私が2007年に初めて起業した頃から彼の名前は聞いていました。当時、SIG中国や彼自身の名前は業界で今ほど影響力があったわけではなく、SequoiaやIDGほど有名ではありませんでした。しかし彼の話し方は私にとても印象的でした。私たちの会話は多くはありませんでしたが、SIGのオフィスでも、業界の食事会でも、Timが私と話すときはほとんど真面目な話はせず、冗談やジョークばかりでした。
人間同士は互いに影響し合うもので、真面目な人と接していると、あまり冗談を交えにくくなります。しかし、Timのようにいつもどこかふざけているように見える人と接すると、逆に真剣に物事を話し合うのが難しくなります。

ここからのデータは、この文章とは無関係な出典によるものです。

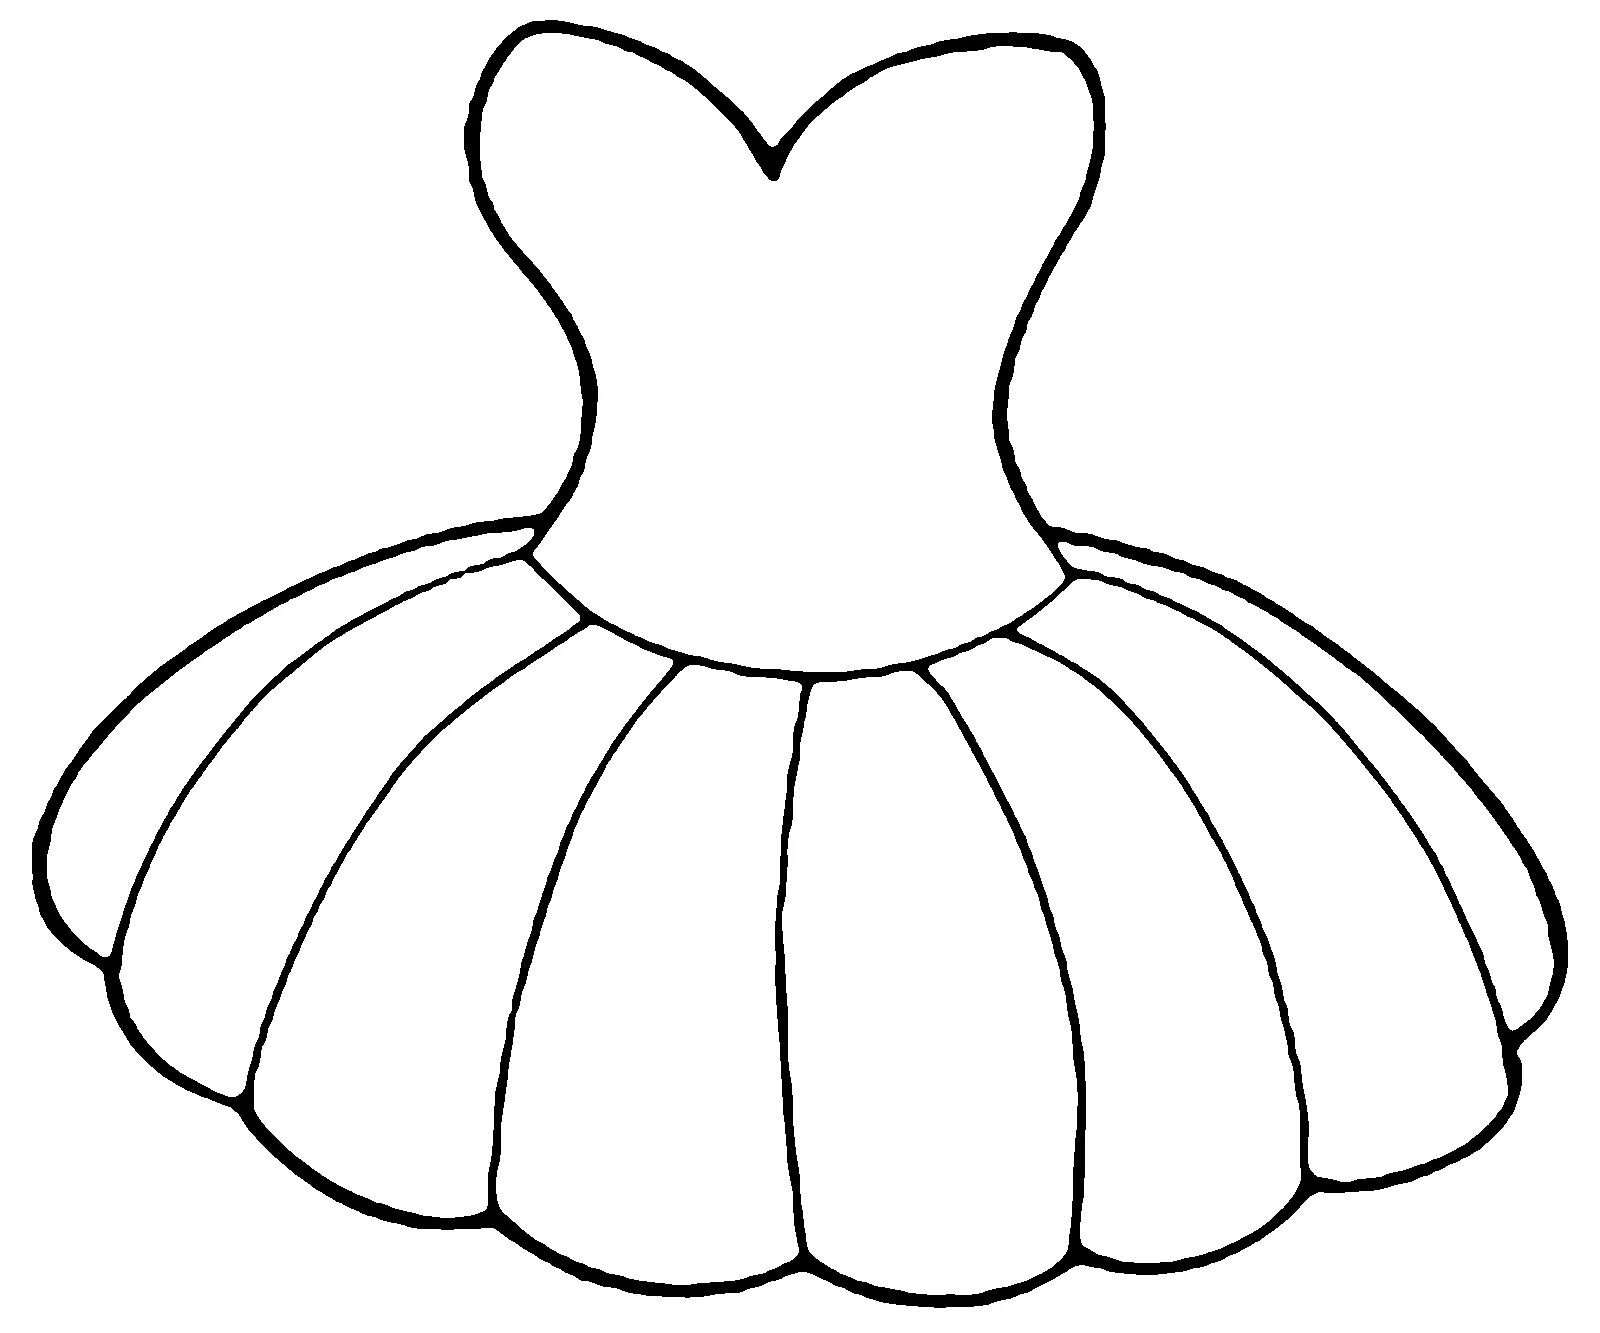 Coloring page stunning doll dress for children 4-5 years old
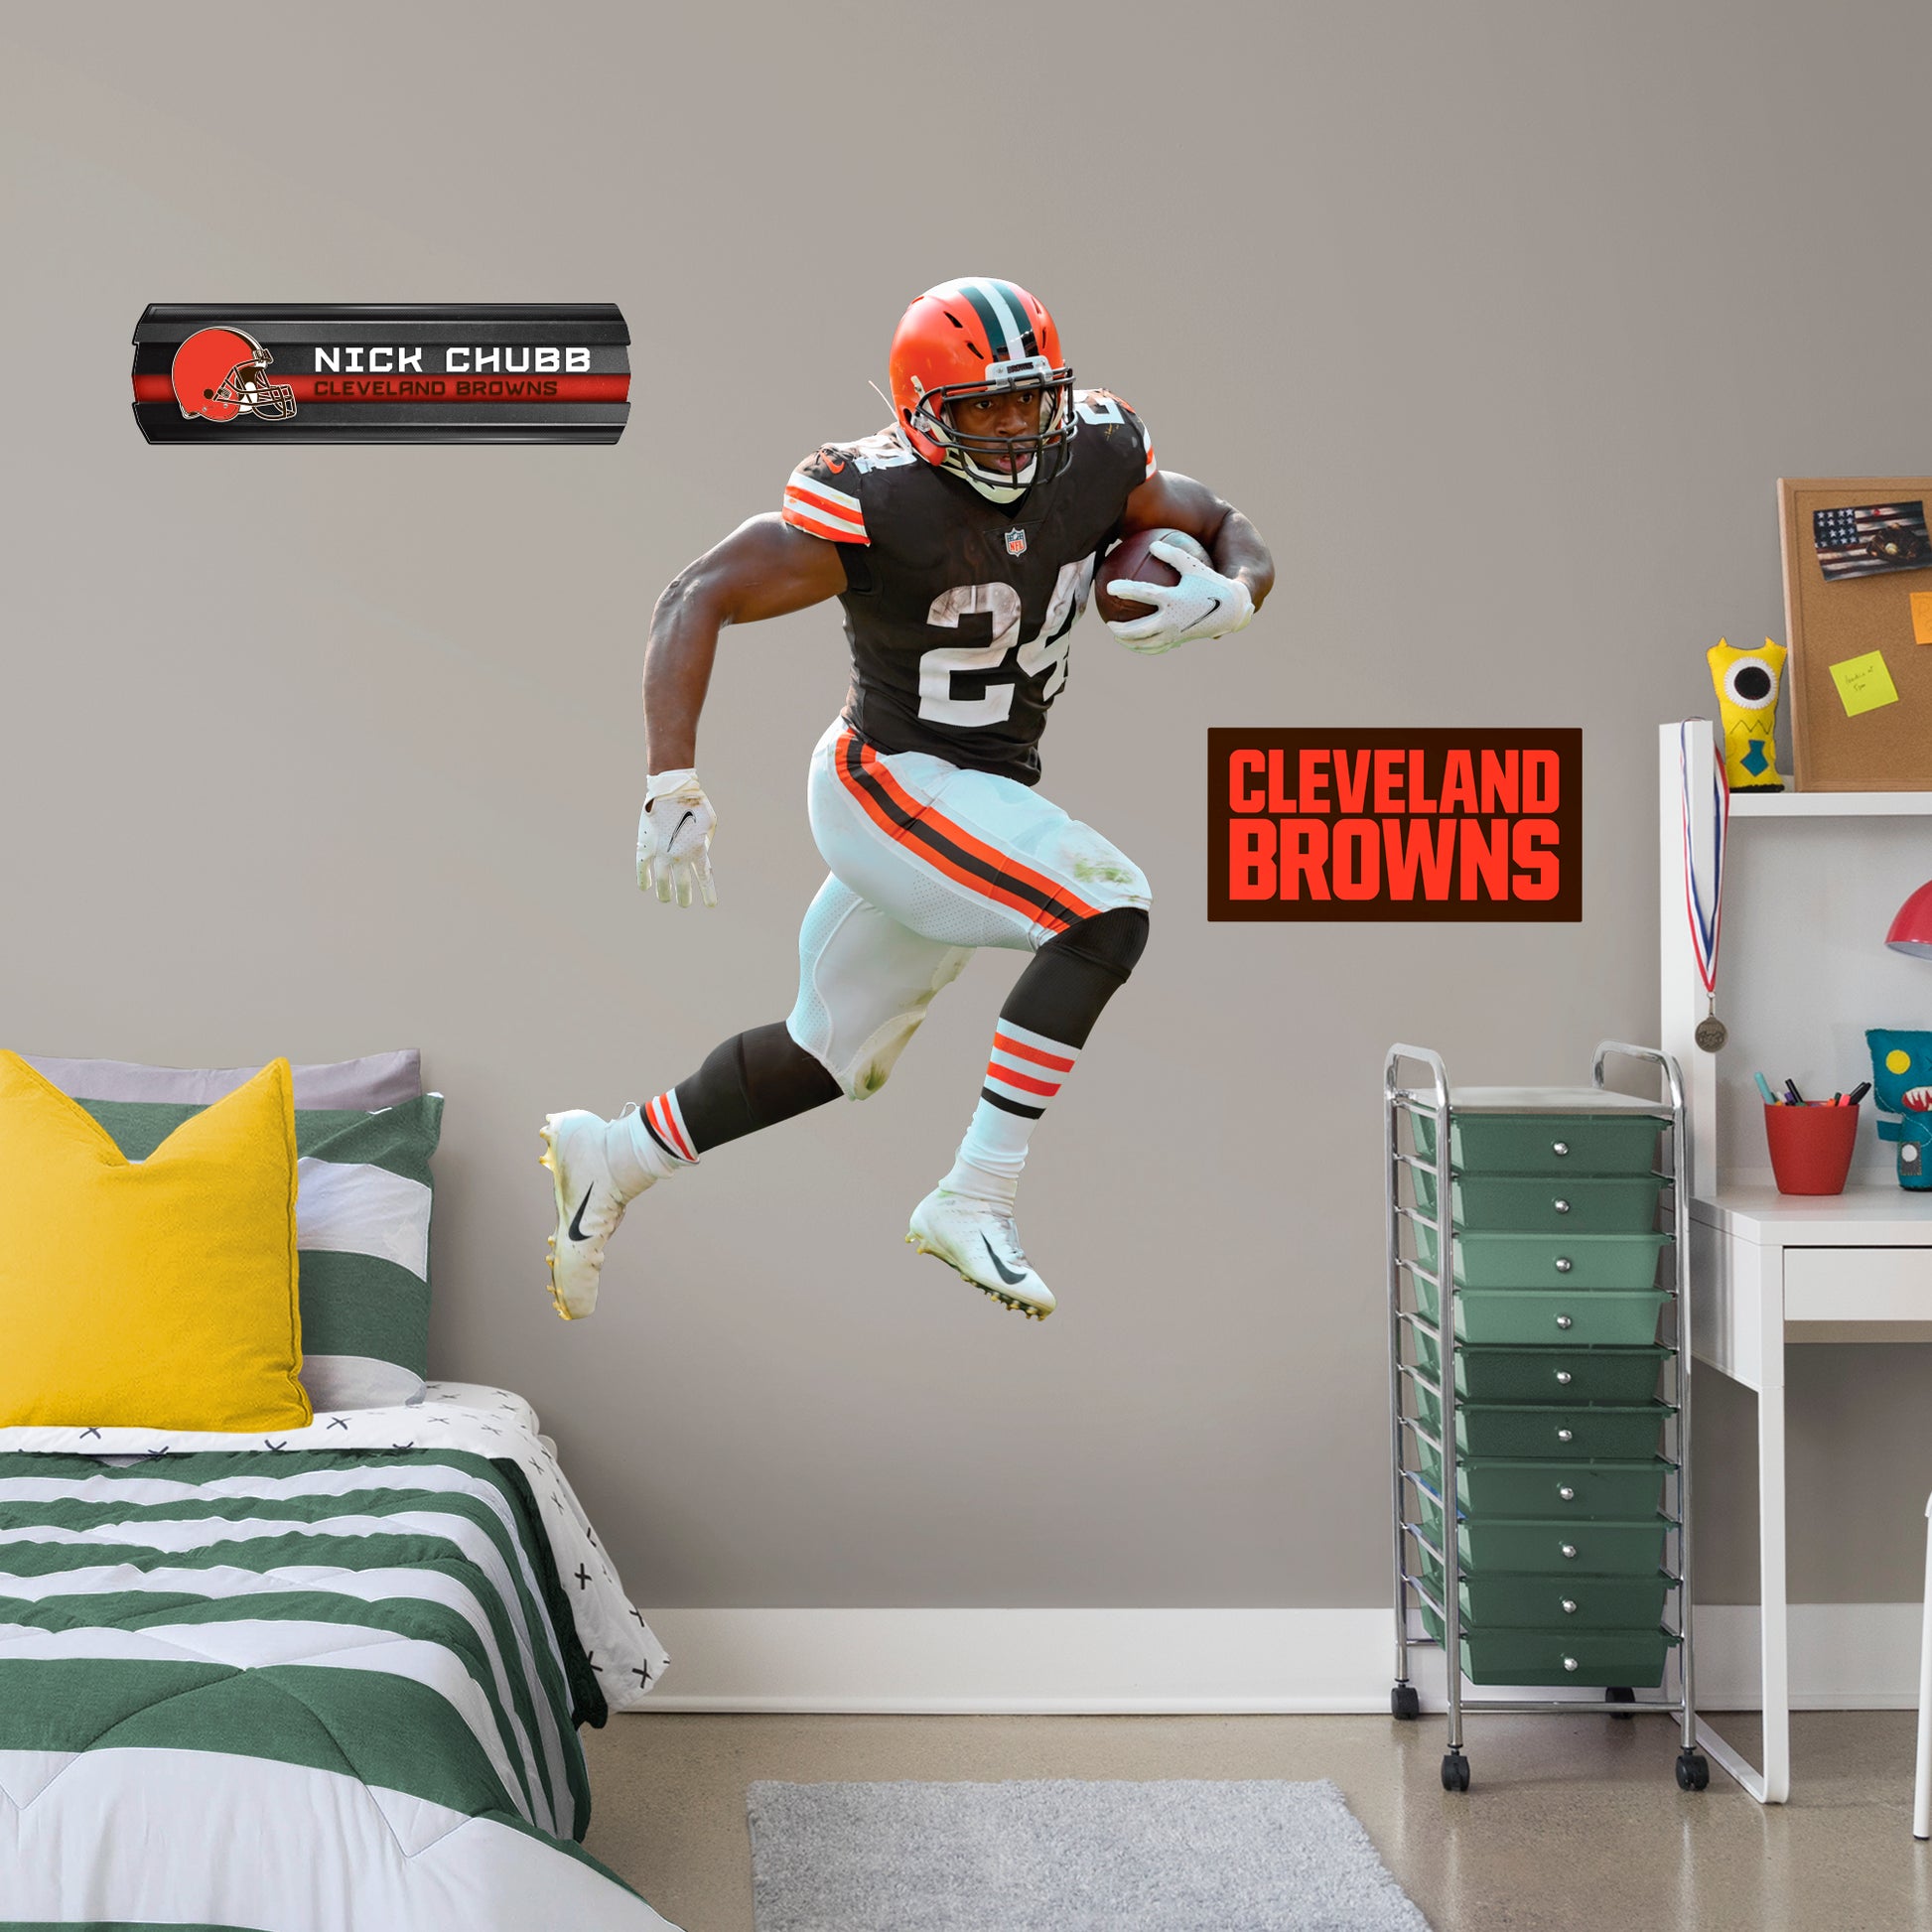 Giant Athlete + 2 Decals Bring the action of the NFL into your home with a wall decal of Nick Chubb! High quality, durable, and tear resistant, you'll be able to stick and move it as many times as you want to create the ultimate football experience in any room!

2021年の夏、SIGとSequoia Chinaが共同でElementをリード投資した後、Timは自分のVC仲間たちと一緒に私を飲みに誘ってくれました。なんと夜中の12時まで待っていてくれたのです。私が到着したときには、他の人はすでに帰ってしまい、Timだけが残っていました。私が着くと、彼はいつものように笑いながら話しかけてきました。彼はいつもからかいを忘れない人です。その日、私は初めて彼の投資に関するいくつかの名言を聞きました。最近ではネットでもたまに見かけるようになっています。「人となりは仕事よりも重要。EQはIQよりも重要。経験は学歴よりも重要。感性は理性よりも重要。度胸は頭脳よりも重要。運命は手段よりも重要」「時間を相手に商売し、トレンドの友となる」。こうした言葉からは、プリンストン大学の理系博士課程出身であることが想像しづらいでしょう。
TimのWeChatのタイムラインを見ても、彼が中国有数のVCのパートナーであるという雰囲気はまったく感じられません。なぜなら彼が話題にするのはほとんど投資や技術ではなく、クラシック音楽、ワイン、お茶といった趣味の話だからです。
そして今回、Timとのやり取りはおそらくこれまでで最も真剣なものであり、一部の人にとっては難解に感じるかもしれません。Tim自身が自嘲するように、「投資においてあまり重要ではない知性、学識、頭脳を使ってWeb3について語る珍しい機会です」。とはいえ、TimはWeb3に対して独自の、基盤となる論理に基づいた洞察を持ち続けています。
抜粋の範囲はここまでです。